Scotland to start delivering disability benefit in 2020

By agency reporter
March 1, 2019

Responsibility for all devolved benefits, including their funding, will sit with the Scottish Government from 1 April 2020, with delivery for disability benefits rolled out shortly after.

Social Security Secretary Shirley-Anne Somerville today told Parliament how:

  • New claims for disability assistance for children and young people will start in summer 2020
  • Claims for older people’s disability payments will open by the end of 2020
  • Disability benefits for Working Age People – the Scottish replacement of Personal Independence Payment (PIP) – will open early in 2021

The system will have a redesigned application process and significantly fewer face to face assessments, which will be carried out through the agency by qualified assessors and audio-recorded as standard. There will be rolling awards with no set end points and those with fluctuating health conditions will not face additional reviews due to regular changes in needs related to their condition. The burden of collecting information will move from the client to Social Security Scotland.

Ms Somerville said: “Since the Social Security Act was passed by the Scottish Parliament in June last year, progress has been swift. Our first priority was to deliver for carers, and we have already – through the Carer's Allowance Supplement – paid out over £33 million to more than 77,000 carers.

“I have been delighted with the success of Best Start Grant which has put £2.7 million into the pockets of more than 7,000 families in Scotland – more in the first two months of operation than the DWP benefit it replaced paid out in a year.

“Our next priority is delivering payments for disabled people, as this is where we can make the most meaningful difference for the largest number of people. 

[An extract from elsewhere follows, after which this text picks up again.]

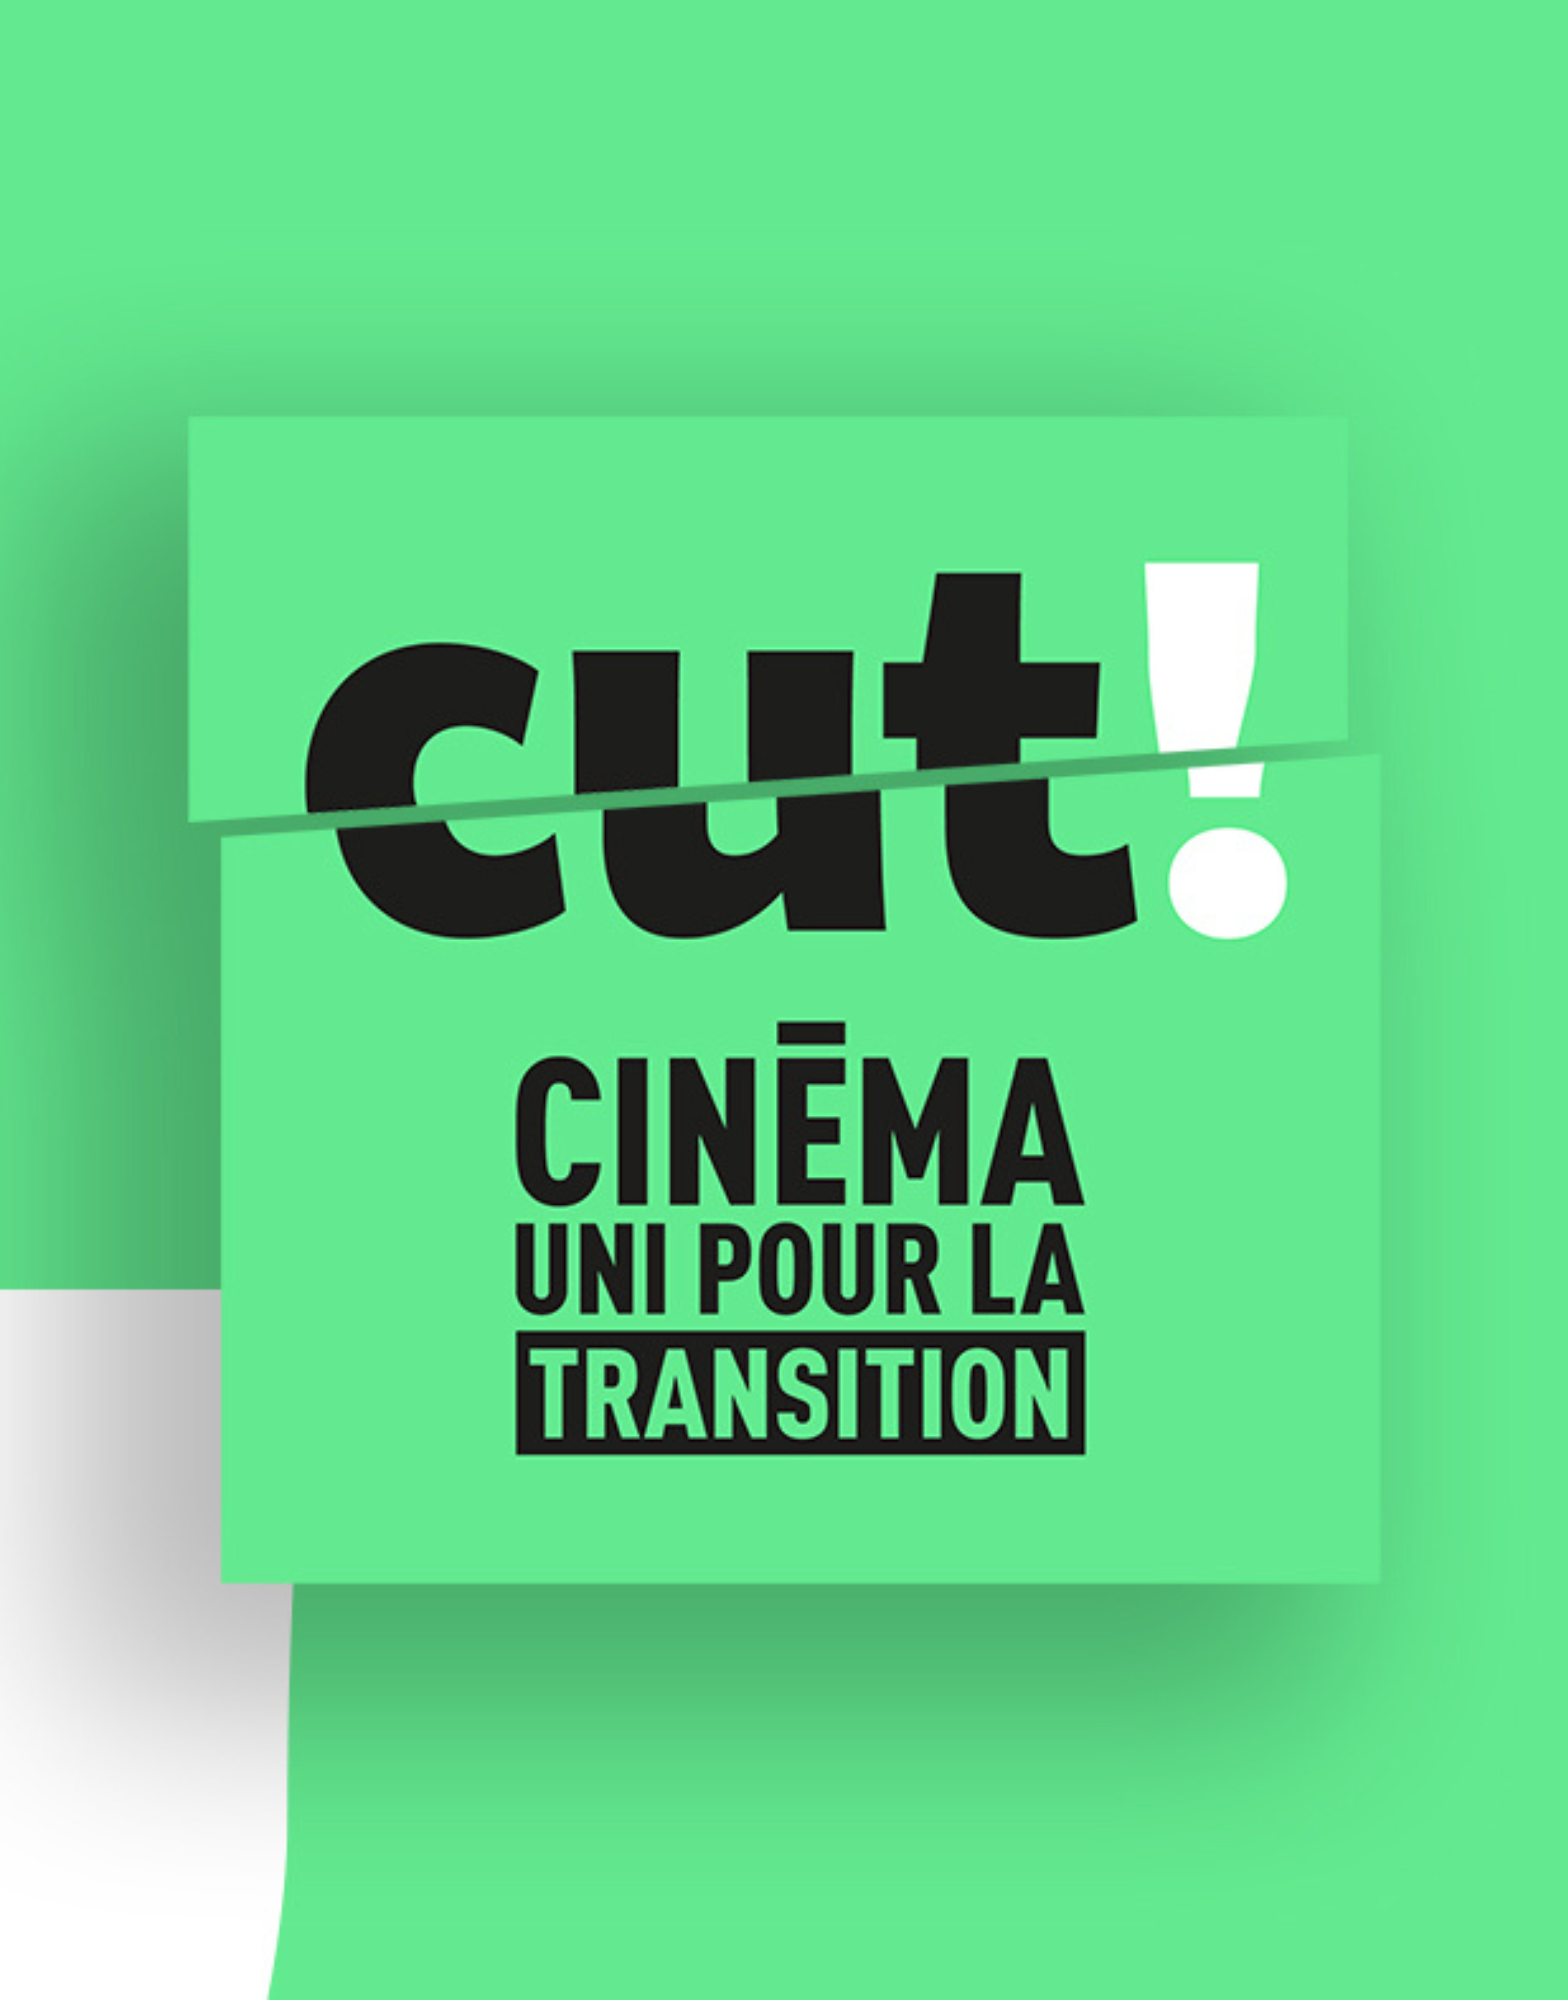 Collectif CUT!, préside le jury du Défi 48h Très Court Environnement de la 26e édition du Très Court International Film Festival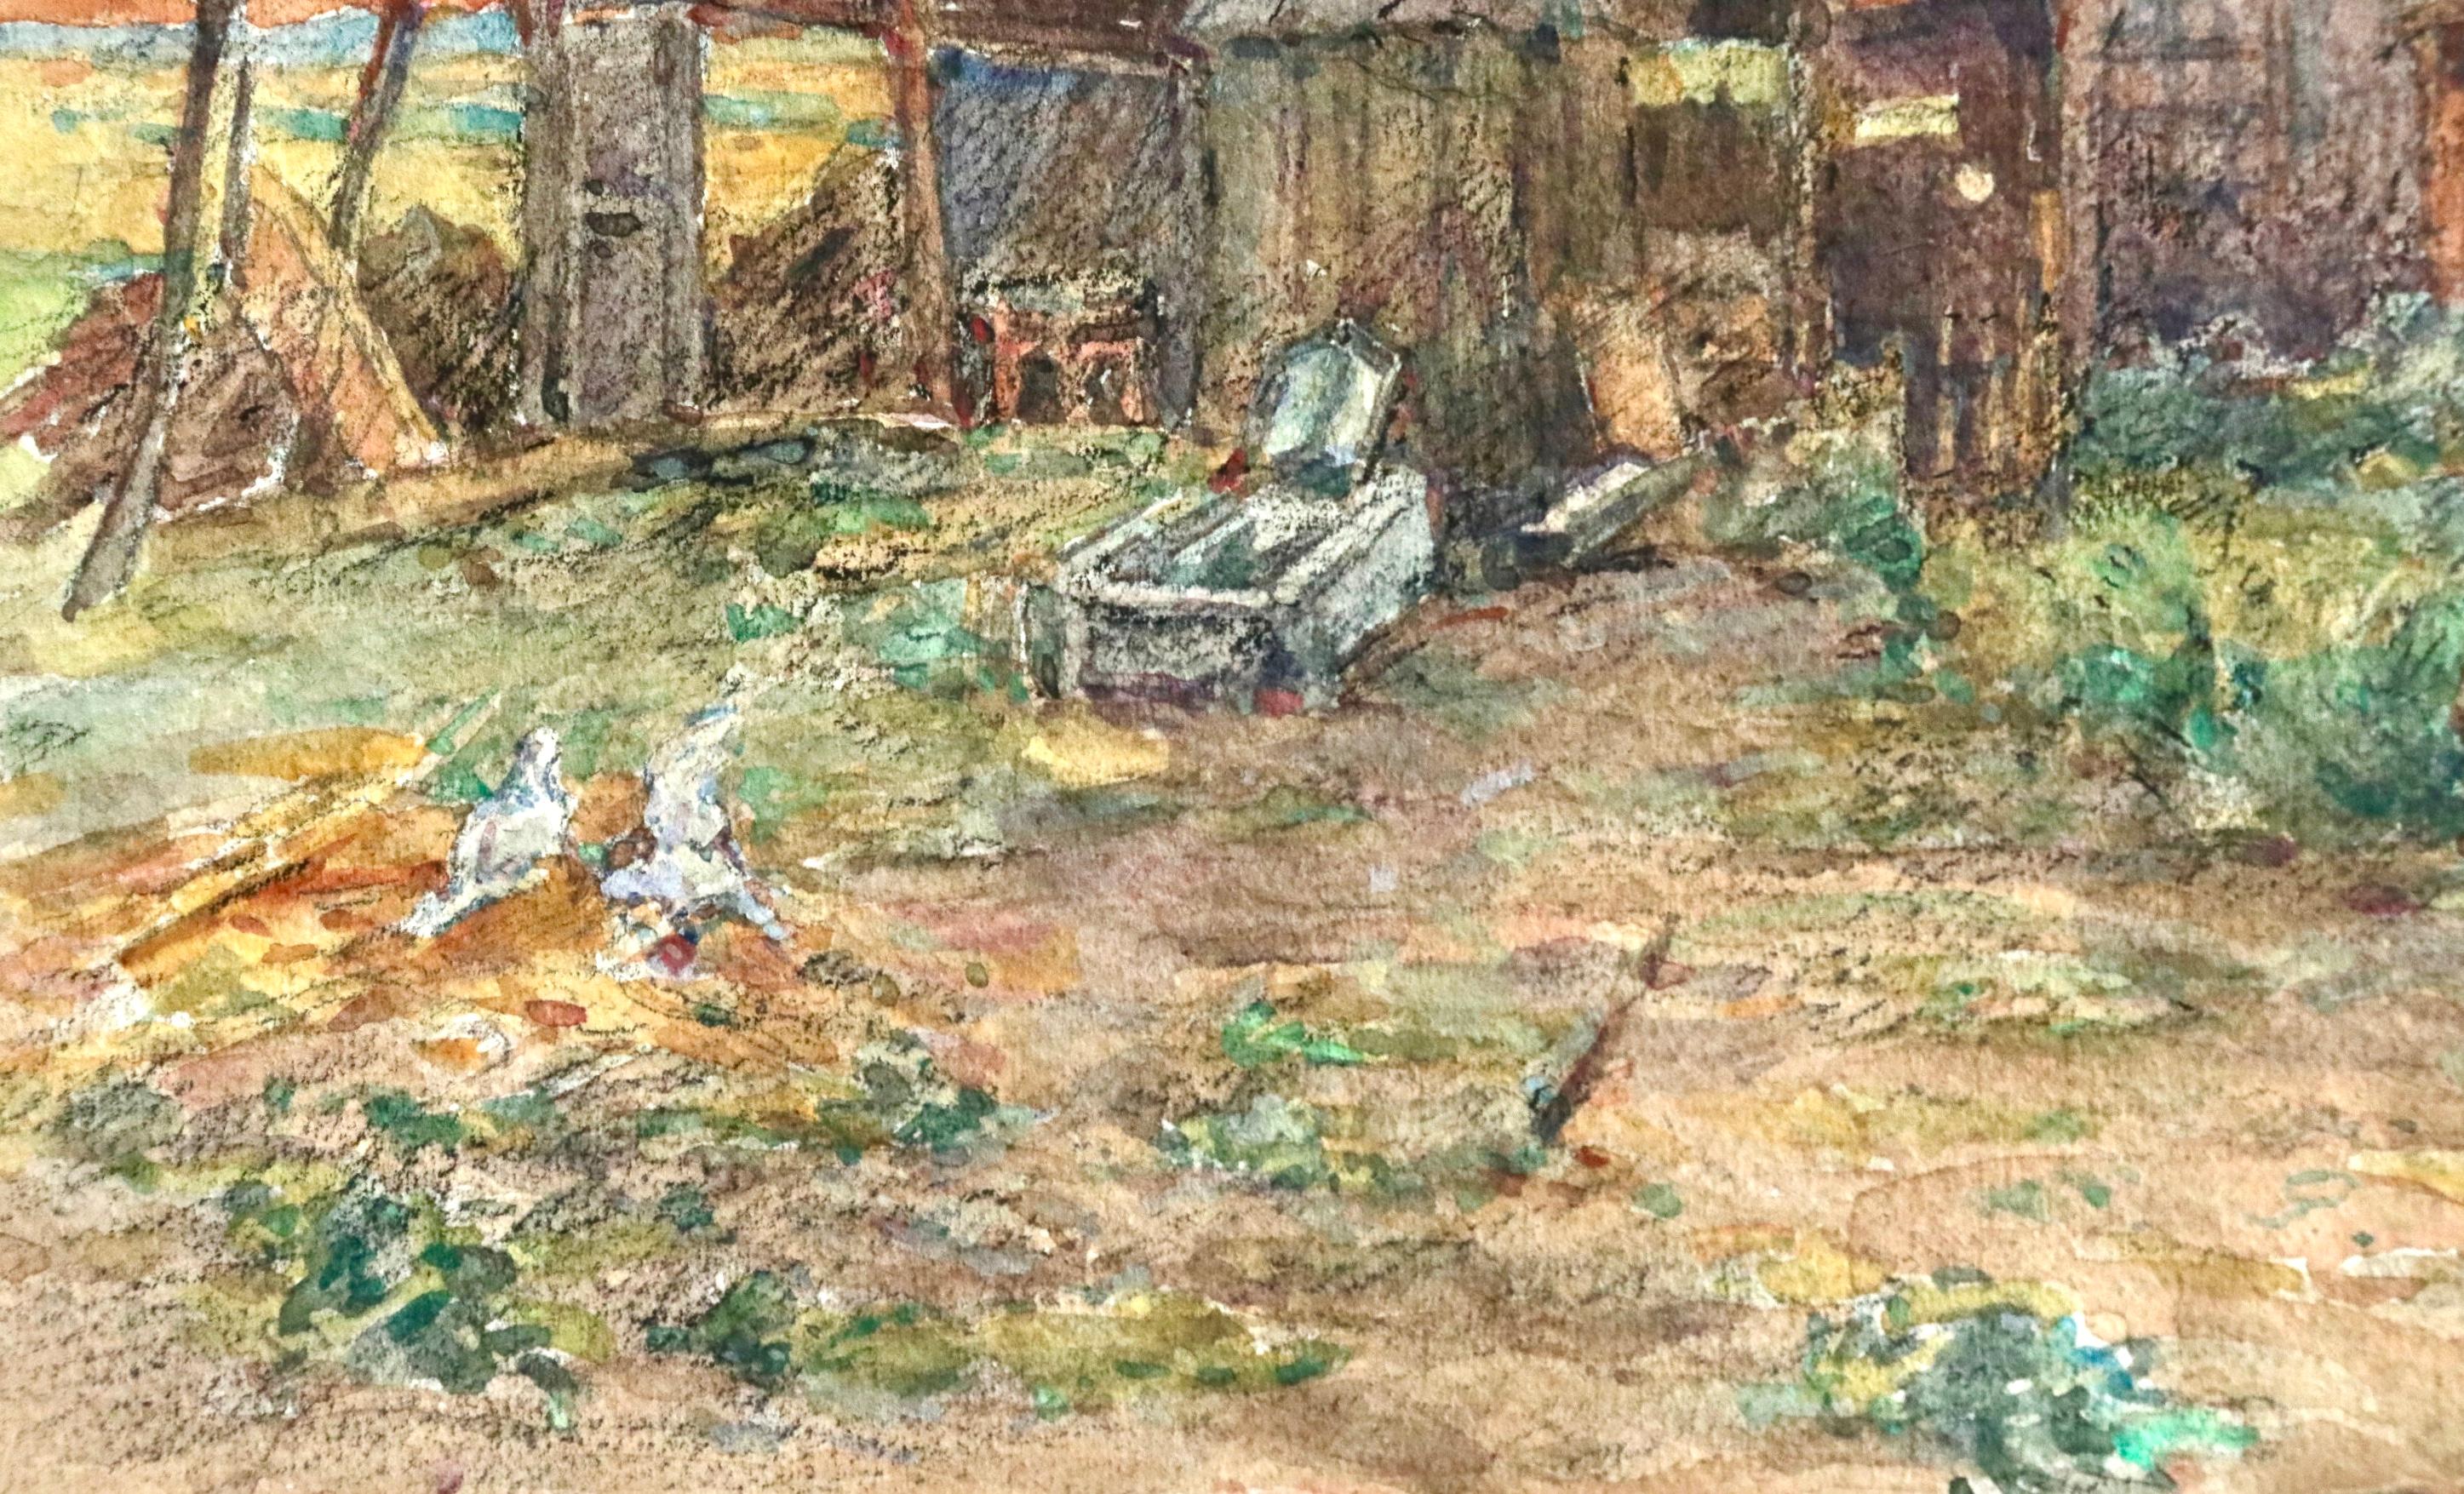 Aquarell auf Papier um 1925, das ein junges Mädchen zeigt, das durch einen Bauernhof läuft, während die Sonne in der Ferne rot untergeht. Signiert unten rechts. Dieses Gemälde ist derzeit nicht gerahmt, aber ein passender Rahmen kann bei Bedarf

“We have a duty to quickly reform the parts of the current system which cause stress, anxiety and pain. And I have been moved by the personal stories I have heard, many of which criticise the penalising assessment process.”

Around half a million cases – the equivalent of around 10 per cent of people in Scotland – will transfer from DWP to Social Security Scotland next year. Ms Somerville emphasised that the safe and secure transition is central to protecting people and their payments.

She said: “This is not simply a case of turning off one switch and turning on another.  For the first time in its history, our agency will be making regular payments, direct to people’s bank accounts and our systems need to work seamlessly with those of the DWP. 

“It is therefore essential we have a system that is fully operational for those making new claims and ensure we protect everyone and their payments as their cases are transferred – that is what those who rely on social security support have told us they want. We must work to a timetable that reflects the importance of moving quickly but not putting people’s payments at risk.”

Ms Somerville made clear that during the transfer no-one will have to reapply for benefits, no claims will be reassessed and payments will be protected.

She added: “The timetable I have set out is ambitious but realistic and at all points protects people and their payments. I have seen the mess the DWP has made when transferring people to PIP and introducing Universal Credit, and we will not make the same mistakes.    

“There is much hard work to be done but the prize is great – a social security system with dignity, fairness and respect at its heart and which works for the people of Scotland.”

Having last year successfully delivered the Carer's Allowance Supplement and the first Best Start Grant payments, Ms Somerville also confirmed the next two phases of Best Start Grant, a Young Carer Grant and Funeral Expense Assistance were all on track to being delivered this year.